A exemplo de outros presos, João Luiz Baranoski, também será monitorado por uma tornozeleira eletrônica. A decisão foi tomada na tarde de quarta-feira pela juíza da Vara de Execuções Penais, pouco tempo antes  do detento deixar a unidade prisional.

Baranoski foi condenado a 22 anos de cadeia em 2010 pelos crimes de formação de quadrilha armada, roubo de uma caminhonete e o roubo ao  Banco do Brasil de Feijó.

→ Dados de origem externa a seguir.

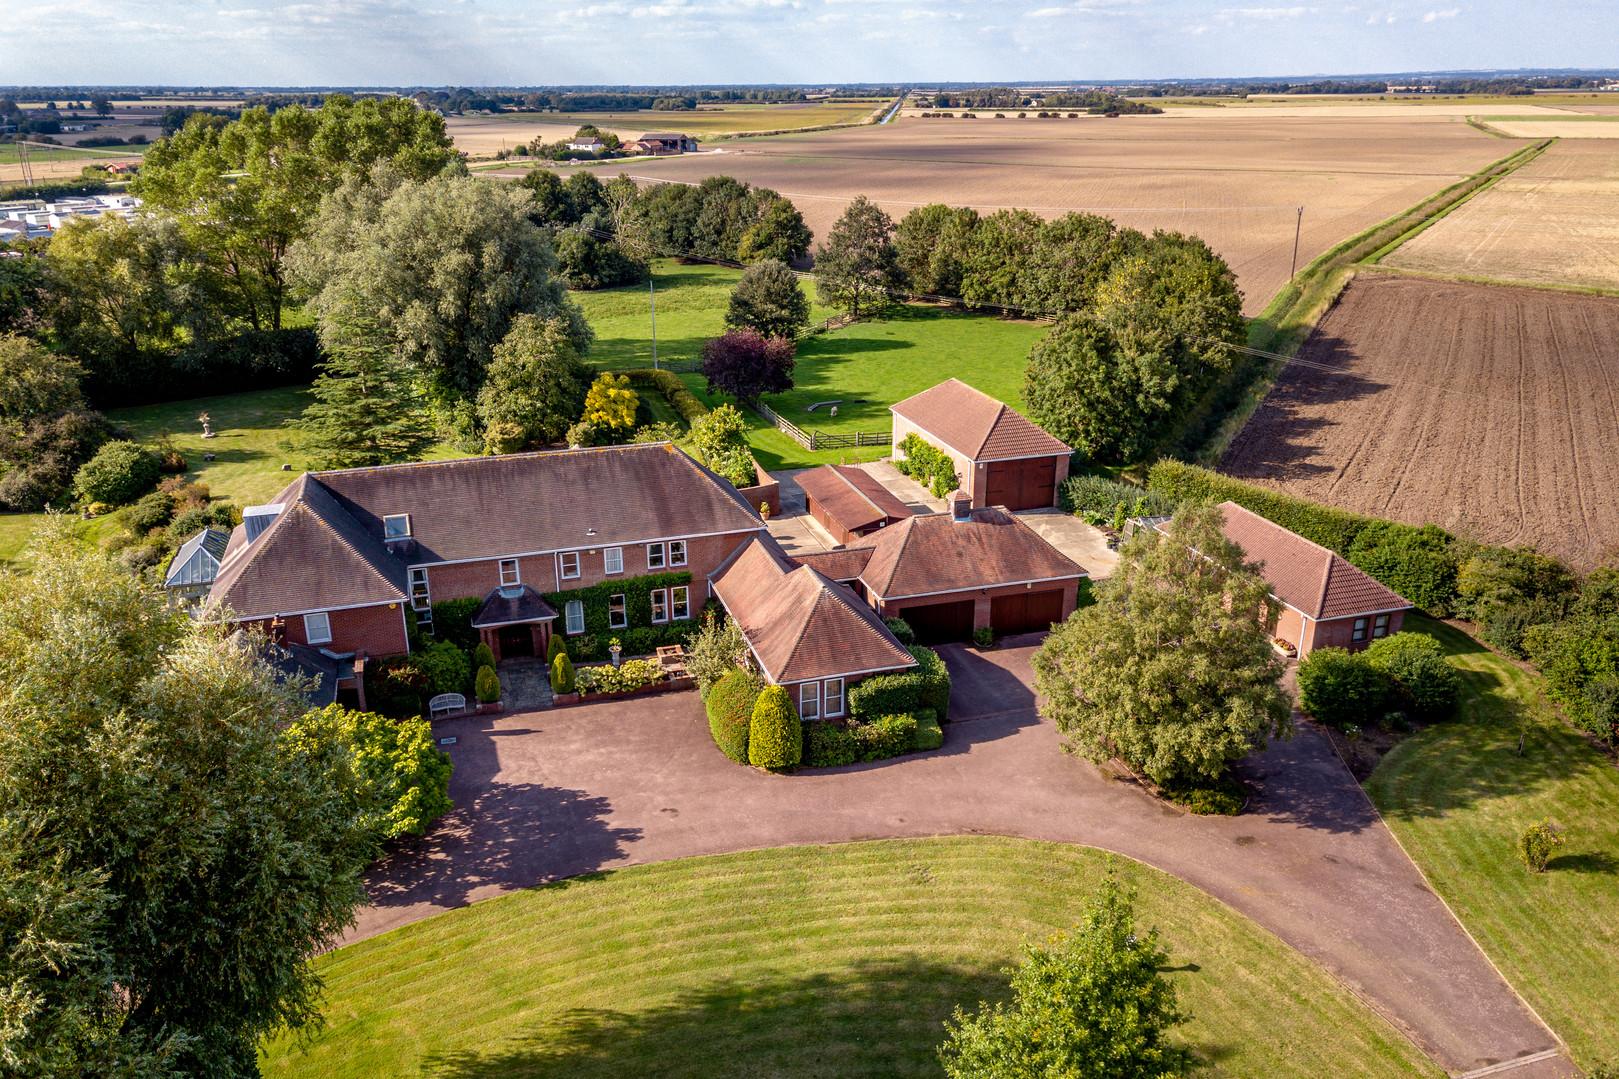 Holland House (Antons Gowt) Aerial-3.jpg
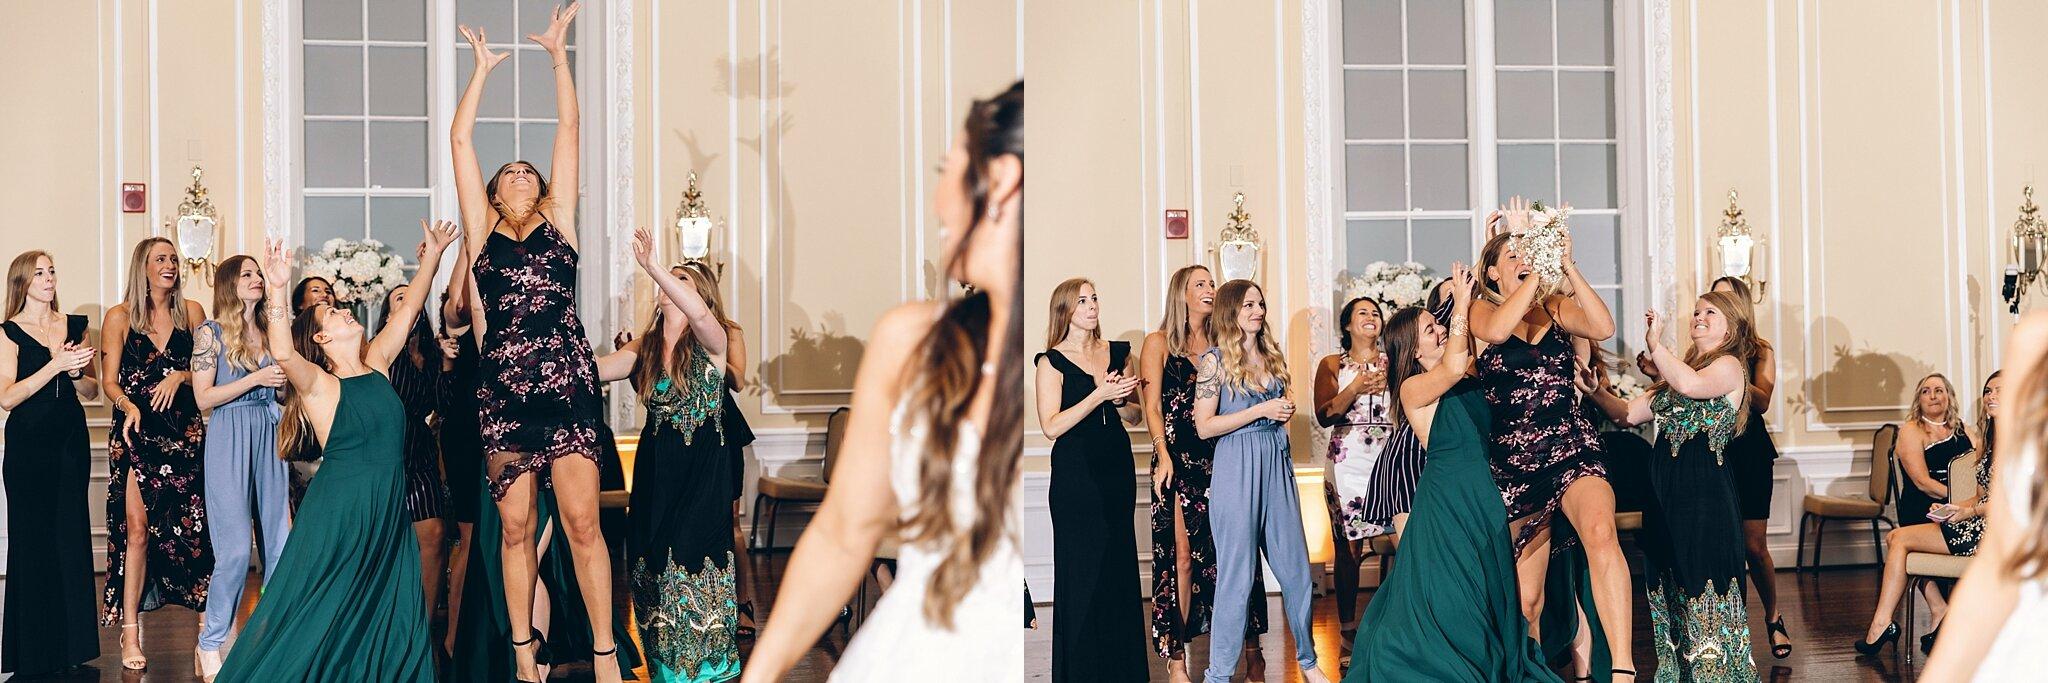 patrick-henry-ballroom-wedding-roanoke_0553.jpg

O crime aconteceu no dia 29 de outubro de 2009, quando a agência foi tomada de assalto por uma quadrilha fortemente armada. Na saída, enquanto atiravam para cima, os bandidos utilizaram clientes e funcionários como escudos humanos.

Pelo menos cinco clientes foram levados de reféns na fuga. Seis dias depois do assalto, o sargento Mazin foi assassinado por um dos integrantes da quadrilha na balsa do Rio Purus.

Baranoski, acusado de ser o líder do grupo, foi preso um mês depois em Porto Velho. Na troca de tiros com policiais de Rondônia ele chegou a ser baleado no braço.

Transferido para Rio Branco, foi julgado e condenado. Mas na tarde de quarta-feira, depois de ser beneficiado com o  semiaberto deixou o presídio, antes de completar cinco anos em regime fechado.

O assaltante será monitorado pela a tornozeleira eletrônica, mas resta saber se o equipamento terá a eficiência necessária. Em muitos casos presos com a tornozeleira  foram flagrados executados crimes  em Rio Branco.